→ TASK DETAILS: Word for word, set down the lines from the one that contains "Fotbollssko för inomhusplan/futsal/street" through the final line of the data; no pictures belong in the copy.

→ COLLECTED MATERIAL:
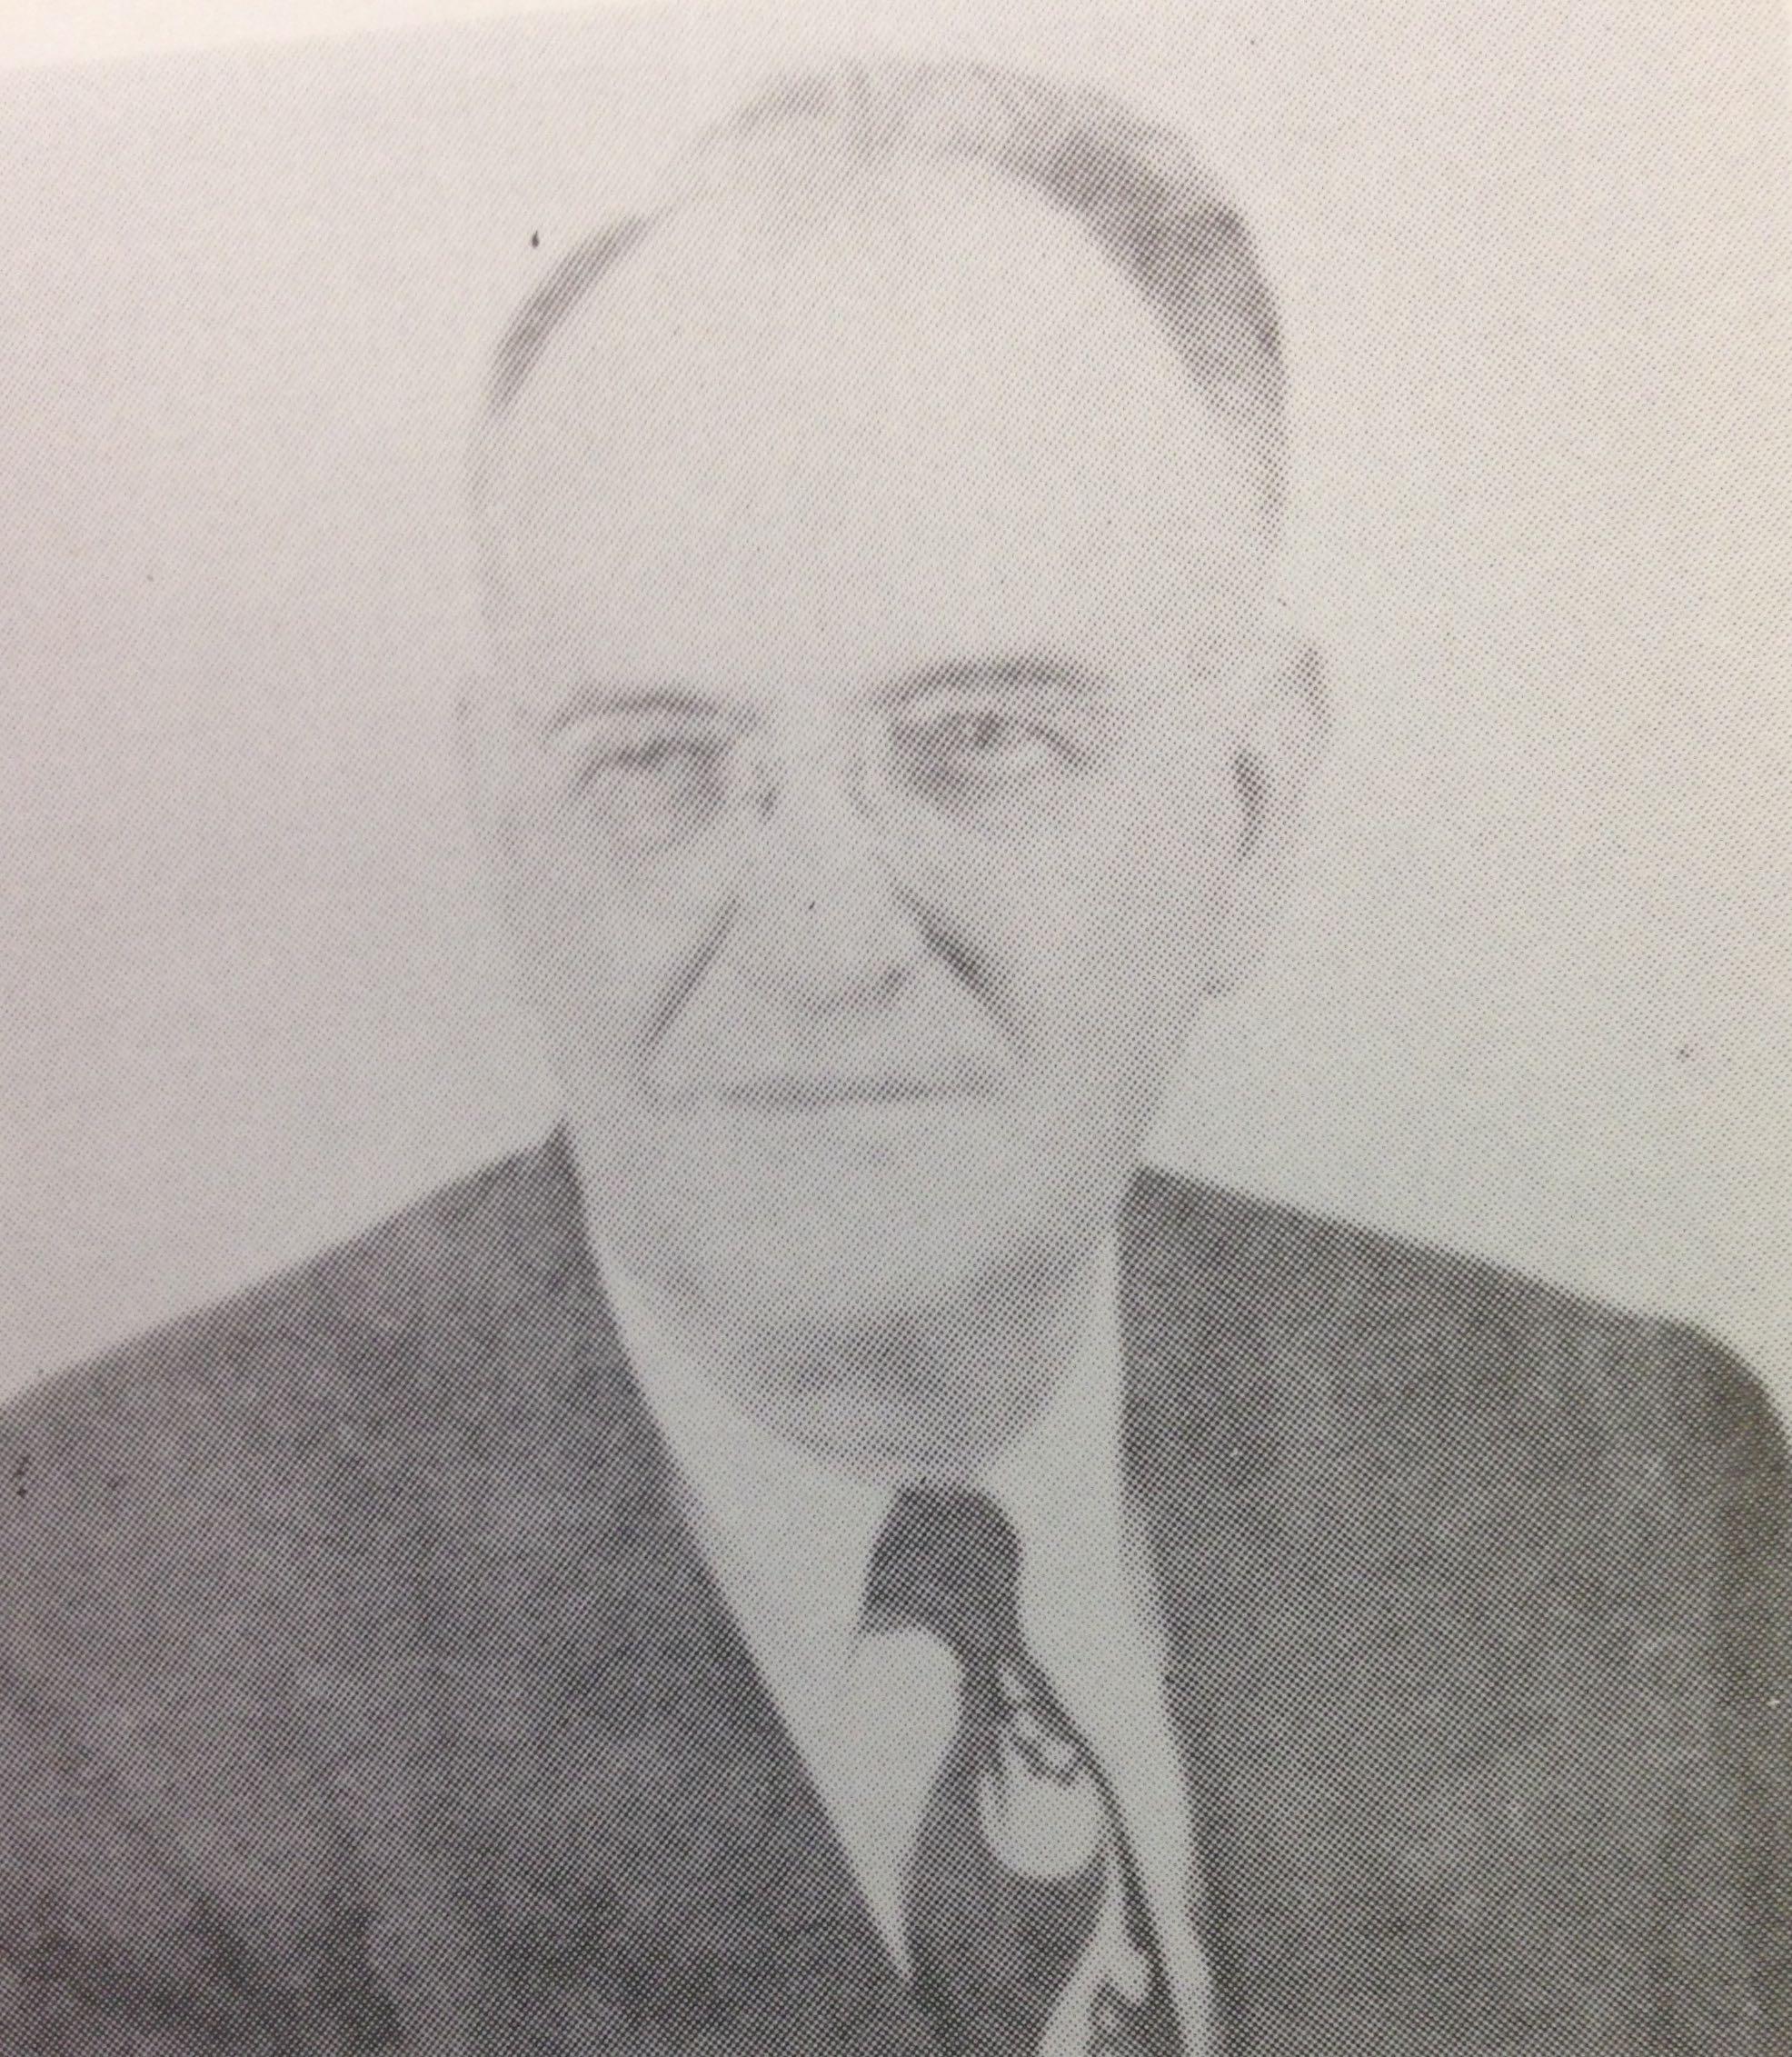 M.D. Walter Clifton Payne, Sr.
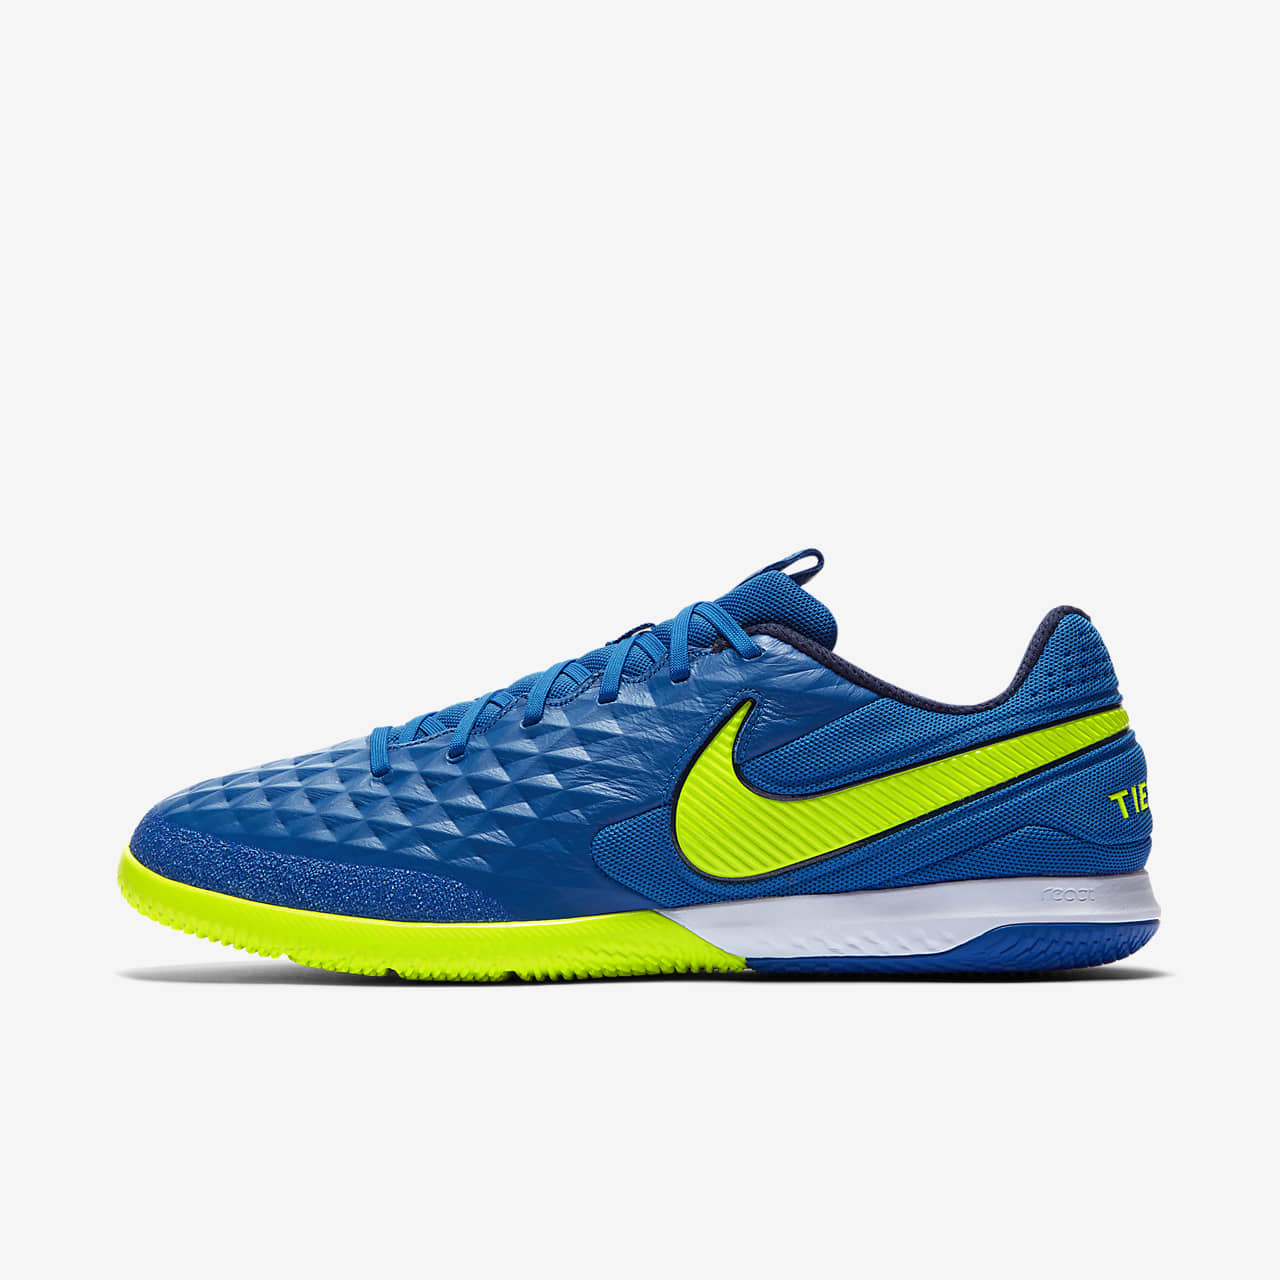 Fotbollssko för inomhusplan/futsal/street Nike React Tiempo Legend 8 Pro IC
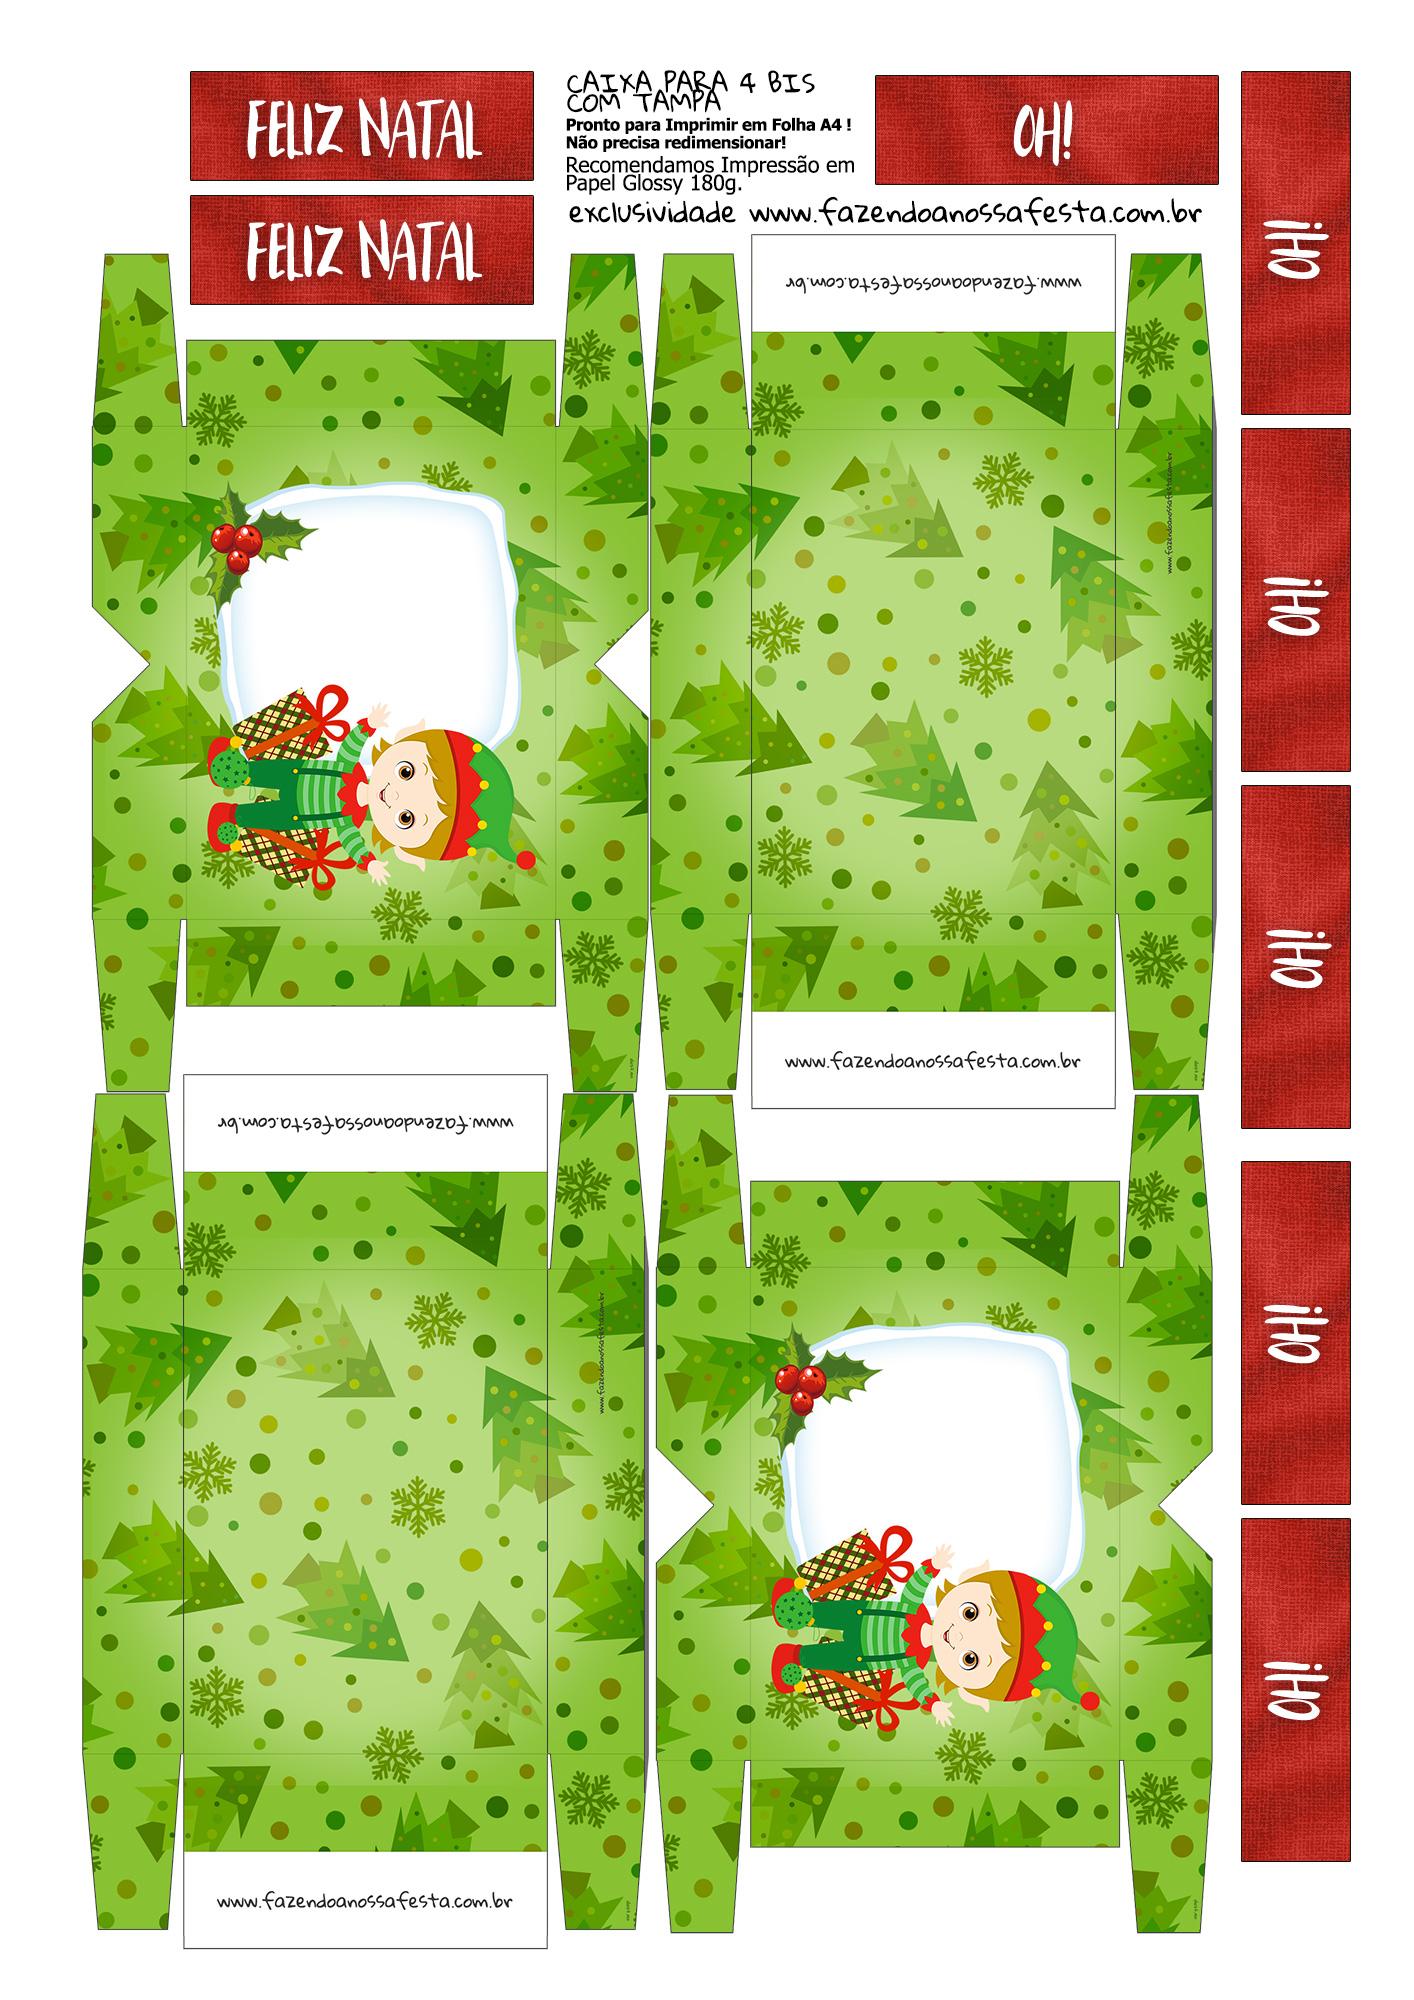 Lembrancinha para Natal Caixa 4 Bis 2
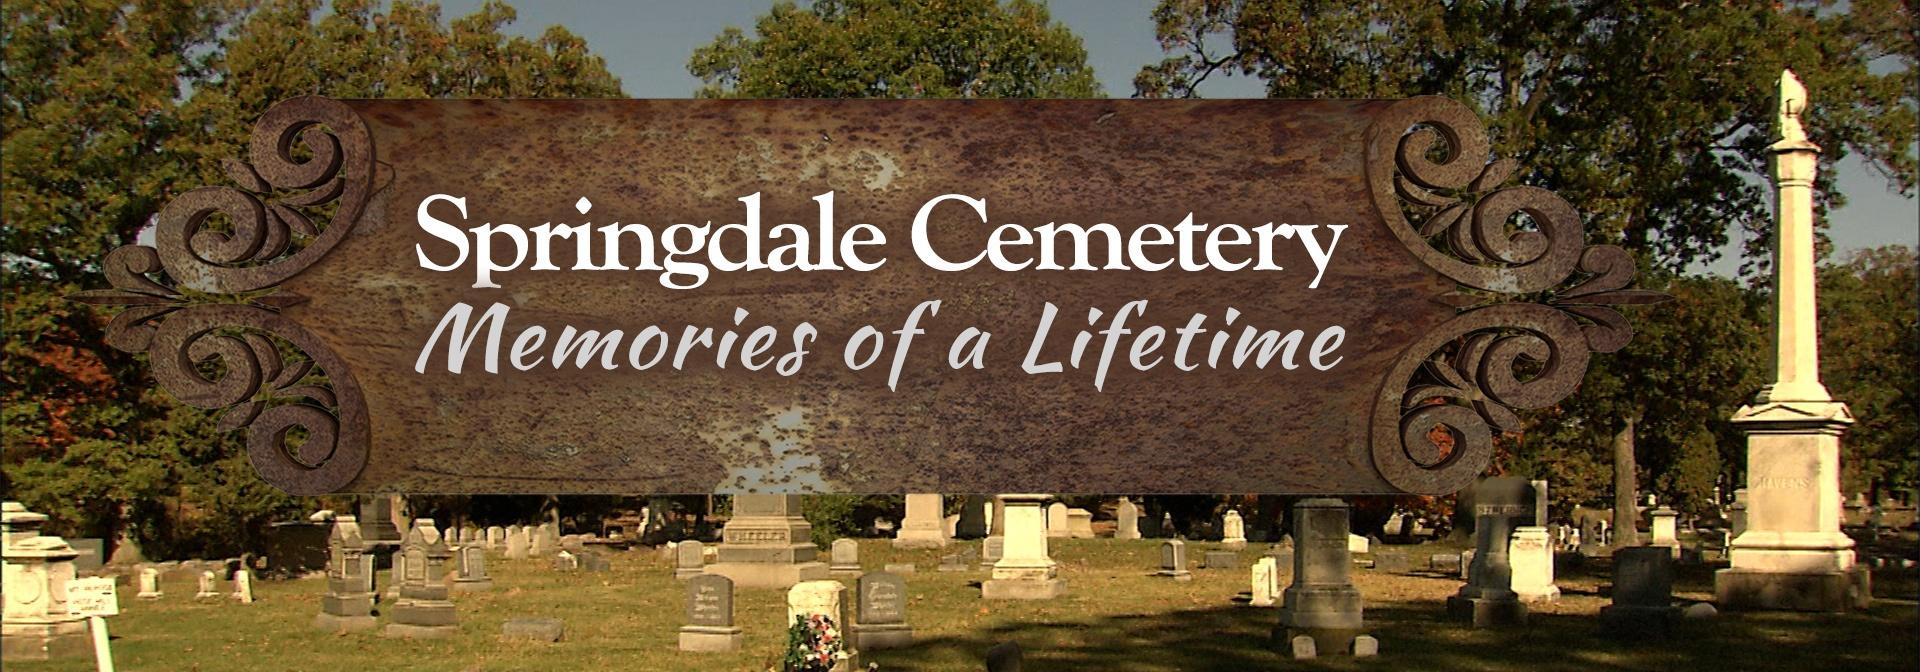 Springdale Cemetery: Memories of a Lifetime

→ TASK RESULT:
 Fotbollssko för inomhusplan/futsal/street Nike React Tiempo Legend 8 Pro IC
 Lembrancinha para Natal Caixa 4 Bis 2
 Springdale Cemetery: Memories of a Lifetime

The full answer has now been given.